Tone Deaf dan Kontroversi: Moral Publik Gibran dalam Sorotan

Gibran Rakabuming Raka

Penulis: Damai Hari Lubis, Pengamat KUHP (Kebijakan Umum Hukum dan Politik)

Satuju.com - Gibran tidak peka dalam konteks tuduhan terhadap ijazah SMA miliknya yang dianggap (diduga) sebagian publik cacat hukum, yang Ia gunakan sebagai Persyaratan menjadi calon Wapres RI yang sejak awal pemilu pilpres 2024 sudah ramai digunjingkan oleh para netizen atau masyarakat diberbagai media sosial dan saat ini perihal ijazah Gubran dimaksud menjadi objek perkara gugatan di Pengadilan Negeri Jakarta Pusat.

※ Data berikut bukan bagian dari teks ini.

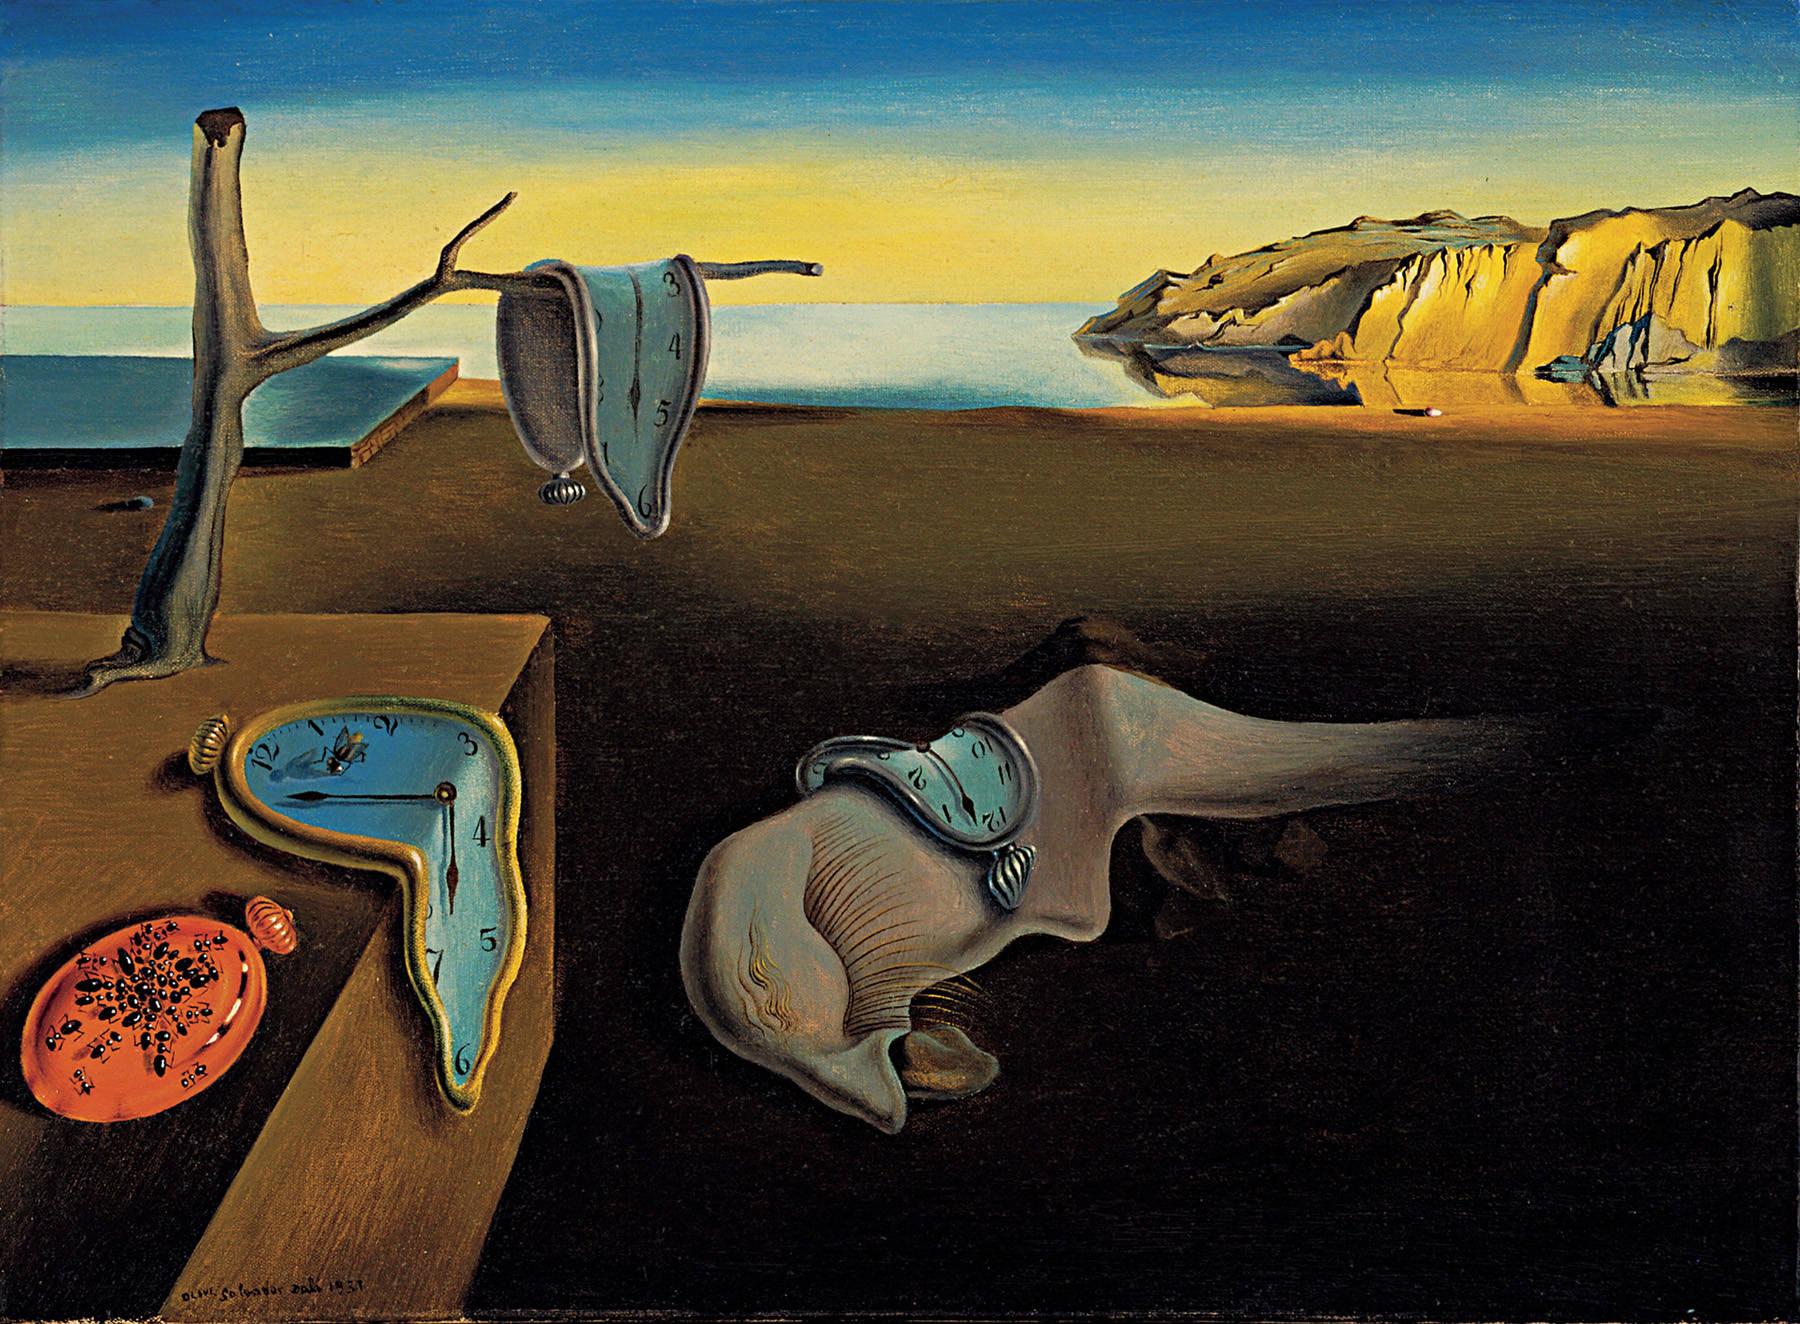 Salvador Dali's famous melting clock painting.

Sehingga kasus Ijazah Gibran sama dengan  kasus ijazah Bapaknya (Jokowi), bahkan lebih parah karena penyimpangan ijazah yang dituduhkan kepadanya sudah sejak awal dan lebih transparansi diketahui publik dibanding ijazah bapaknya, yang baru ramai diduga publik iajazahnya palsu pasca selepas jabatan walikota Solo.

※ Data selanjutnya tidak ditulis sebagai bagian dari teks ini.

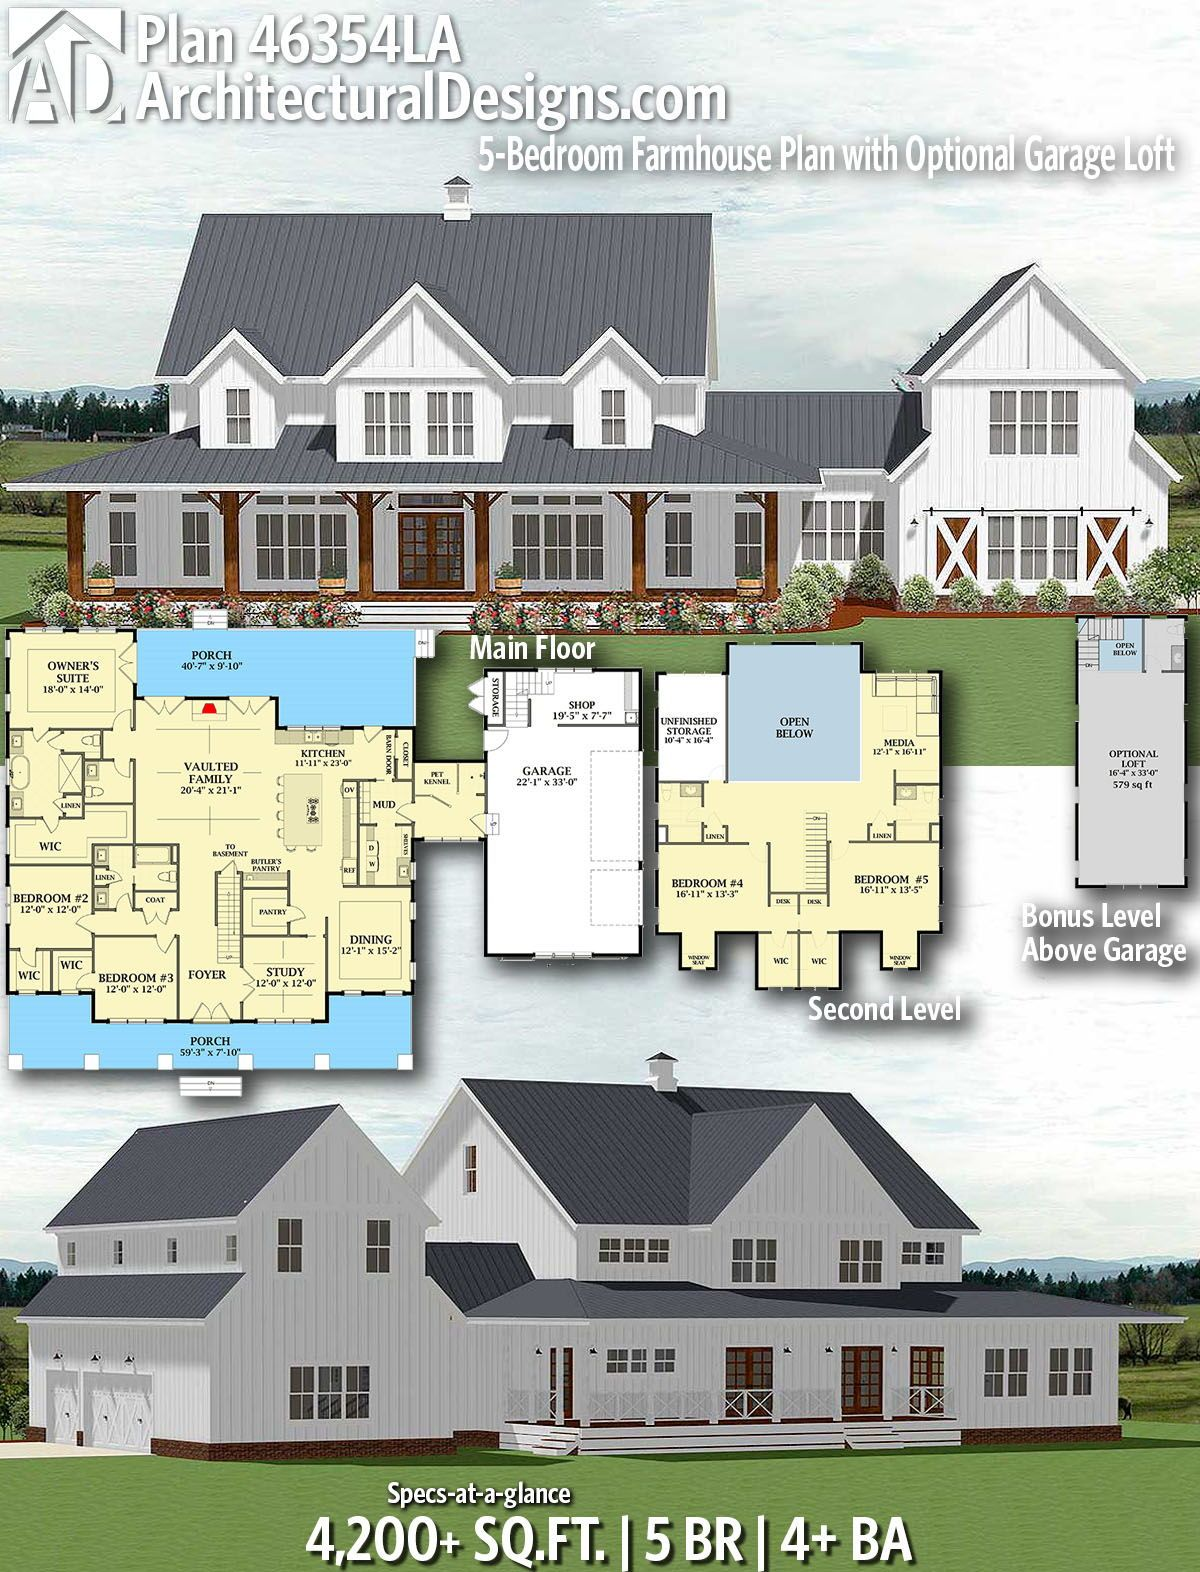 Plan 46354la 5 Bedroom Farmhouse Plan With Optional Garage Loft House Plans Farmhouse Farmhouse Plans Modern Farmhouse Plans

Terlebih proses pencawapresan Gibran kuat mengandung cacat konstitusi, sesuai putusan MKMK karena terbukti pamannya Anwar Usman dikenai sanksi adminstrasi berat, "diberhentikan dari jabatan Ketua MK dan hakim MK" dampak pola persidangannya terkait Judicial review batas usia 40 melalui nepotisme, sehingga melanggar etika hakim dan melanggar UU. Kekuasaan Kehakiman Jo. melanggar UU. Tentang Penyelenggara Negara Yang Bersih Bebas dari KKN. Namun nyatanya KPU tetap meloloskan usianya yang baru 36 tahun walau belakangan 'substansial putusan MKMK menyatakan pelaksanaan persidangan adalah cacat hukum'. Sehingga menurut UU. Kekuasaan Kehakiman, terkait persidangan Putusan MK yang merubah batas usia pada UU. Pemilu dimaksud harus diulang kembali dengan susunan anggota Majelis hakim dan termasuk panitera kesemuanya harus berbeda.

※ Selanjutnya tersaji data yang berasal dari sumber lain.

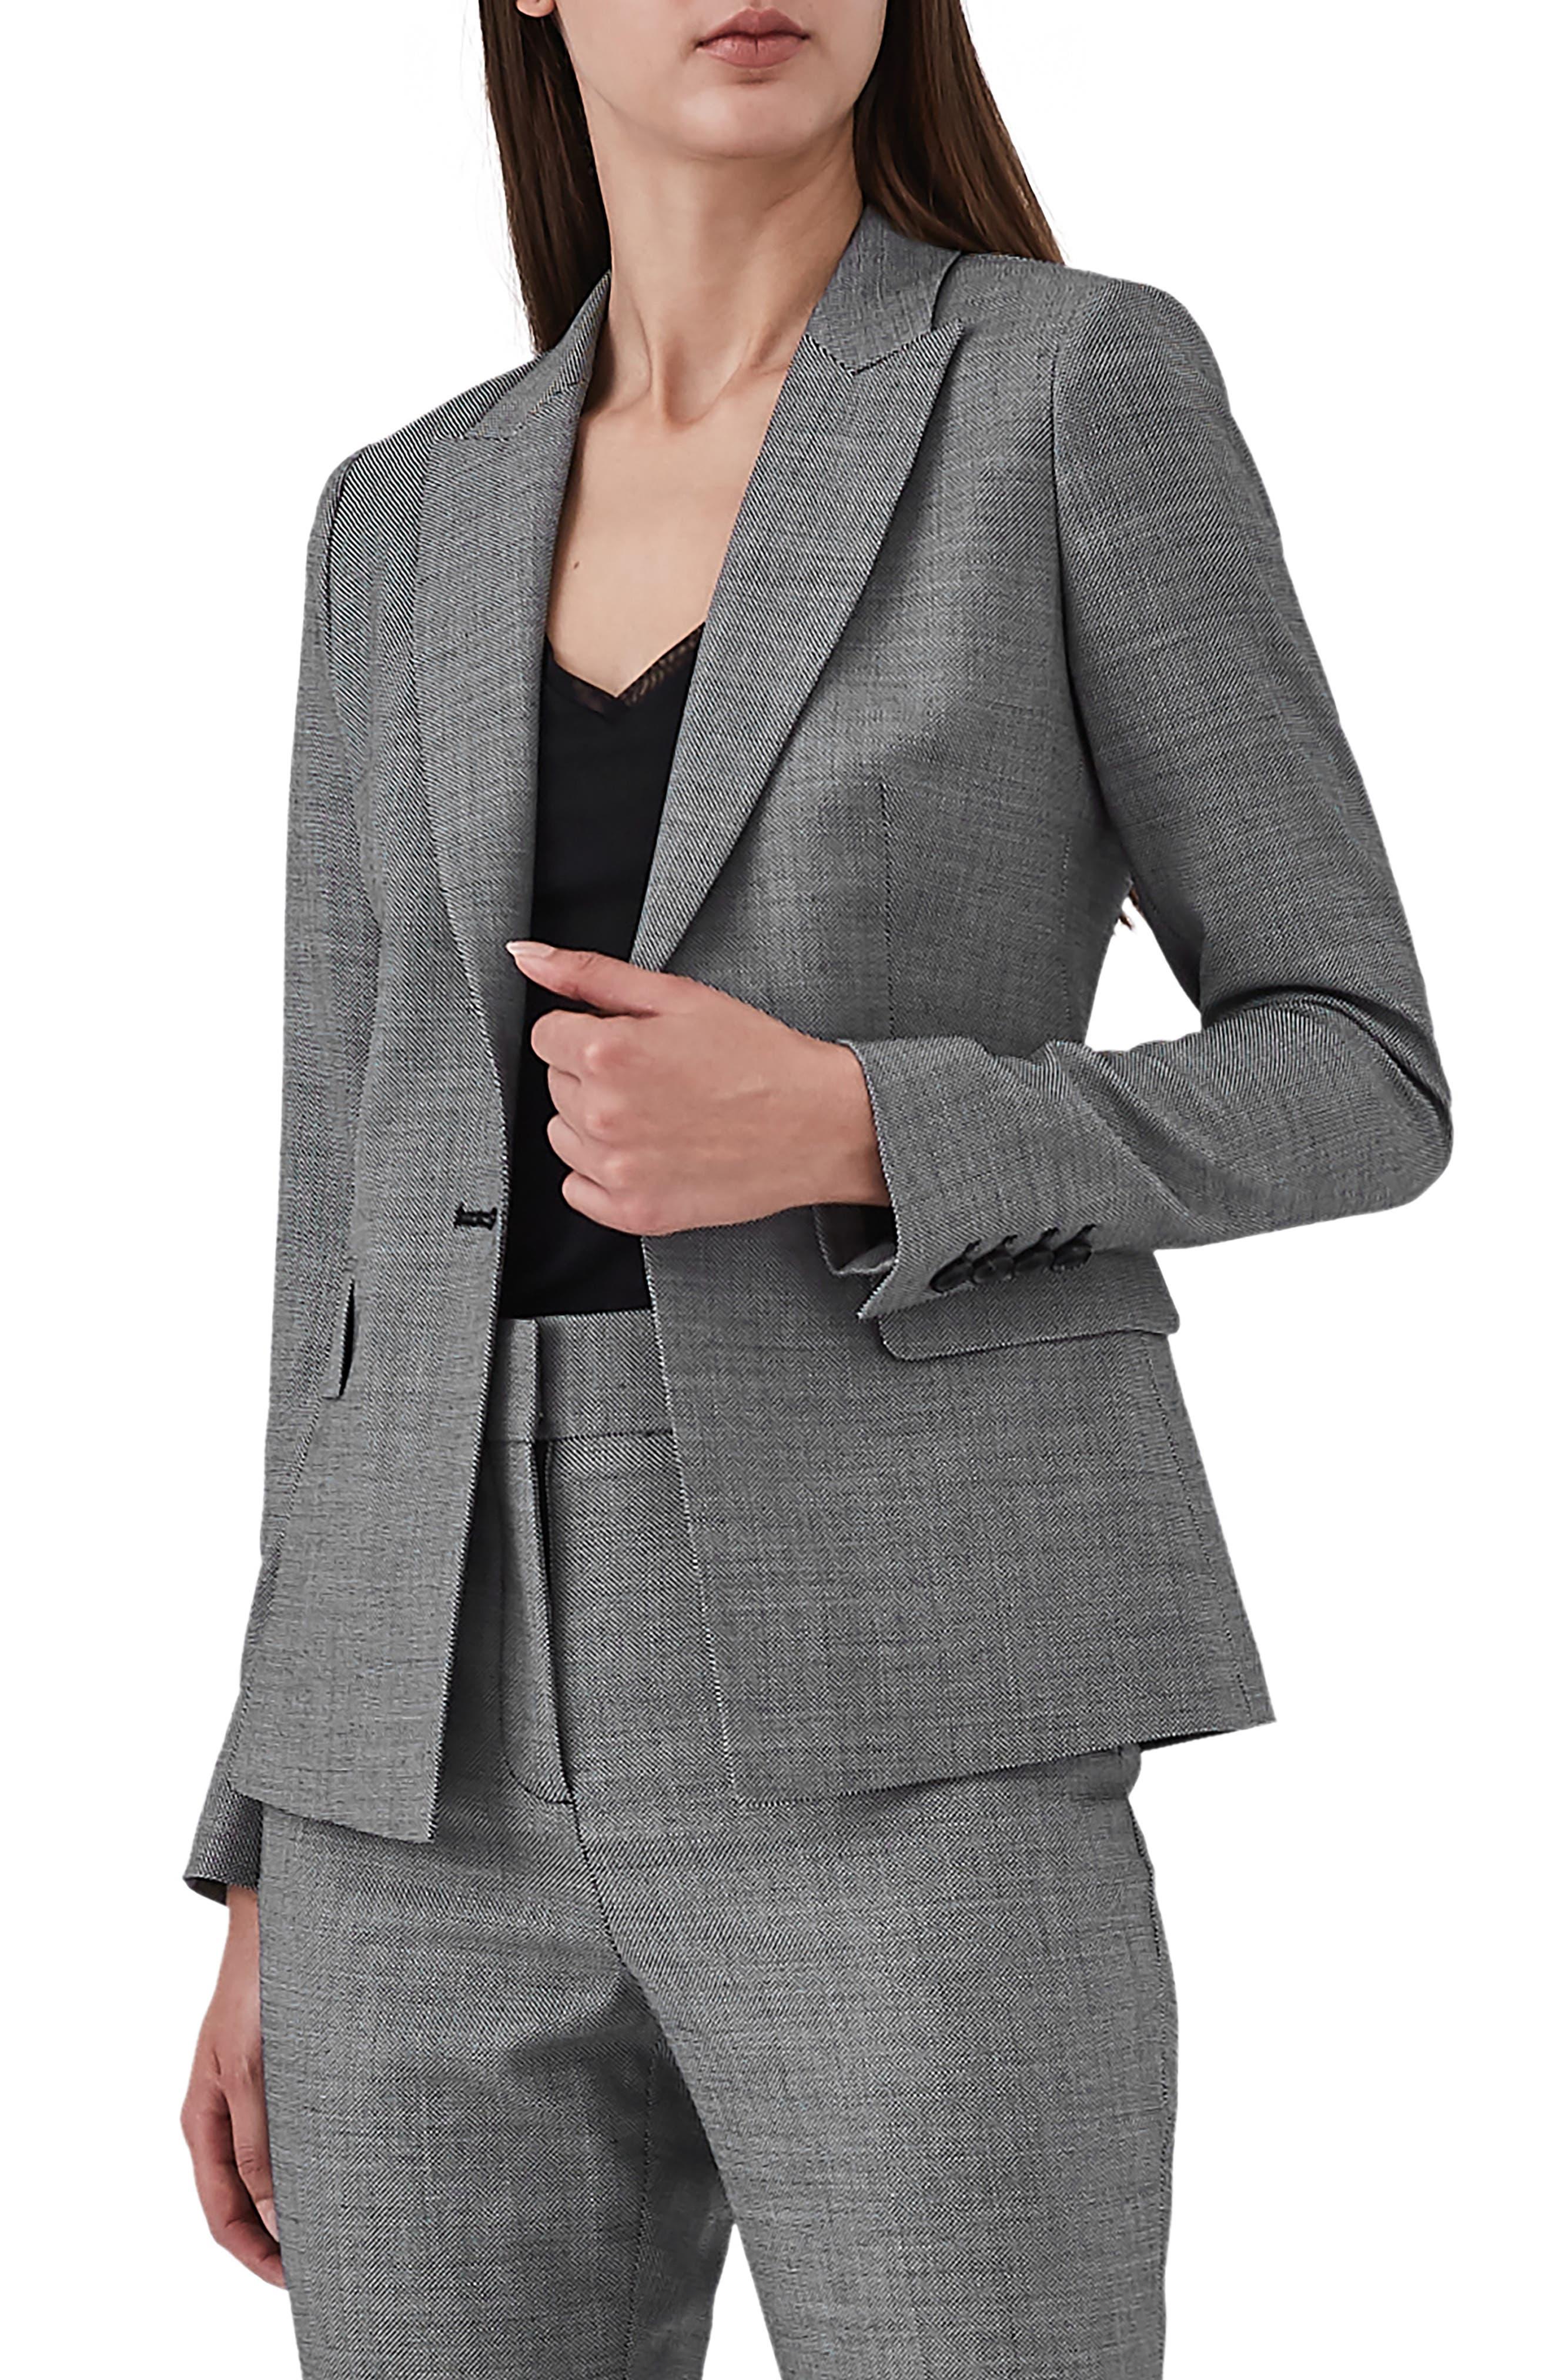 Alber Tweed Stretch Wool Blend Blazer,                             Main thumbnail 1, color,                             GREY

Sehingga karakter Gibran tone deaf, atau dalam konteks sosial politik  kepekaannya lebih buruk dibanding Bapaknya, atau setidak tidaknya ekual, karena Gibran jelas-jelas tanpa rasa malu dan rasa bersalah, ditambah dengan perilaku moral dari akun fufu fafa yang 99 % menurut seorang pakar telematika adalah akun milik Gubran,  yang kontennya TIDAK BERADAB, dan narasinya kotor menjijikan, lalu banyak menghinakan dinakan Prabowo saat pra menjabat Presiden RI. Dan nyata Gibran tidak memprotes atau membantah atau melapotkan sang pakar andai memang akun fufu fafa bukan miliknya atau bukan penggunanya.

Maka 'nyata' Gibran baik dari sisi moral atas adab perilakuanya dan kualitas pendidikannya yang diduga sekedar SMP namun disulap dengan pola cawè cawe Kemendiknas melalui surat keputusan pendidikan formal menjadi setara SLA, lalu tanpa beban psikologis tetap 'ngotot berdampingan' tepat disebelah Presiden RI yang nota bene alumnus asli AKMIL pendidikan militer bergengsi, dan diduga kuat telah Ia hina dinakan melalui akun miliknya dengan nama 'fufu fafa'.

Sehingga bisa dibayangkan bagaimana kelak nasib anak bangsa ini? Akhirnya Negara RI quo vadis? Andai Gibran menjadi Presiden RI ke 9?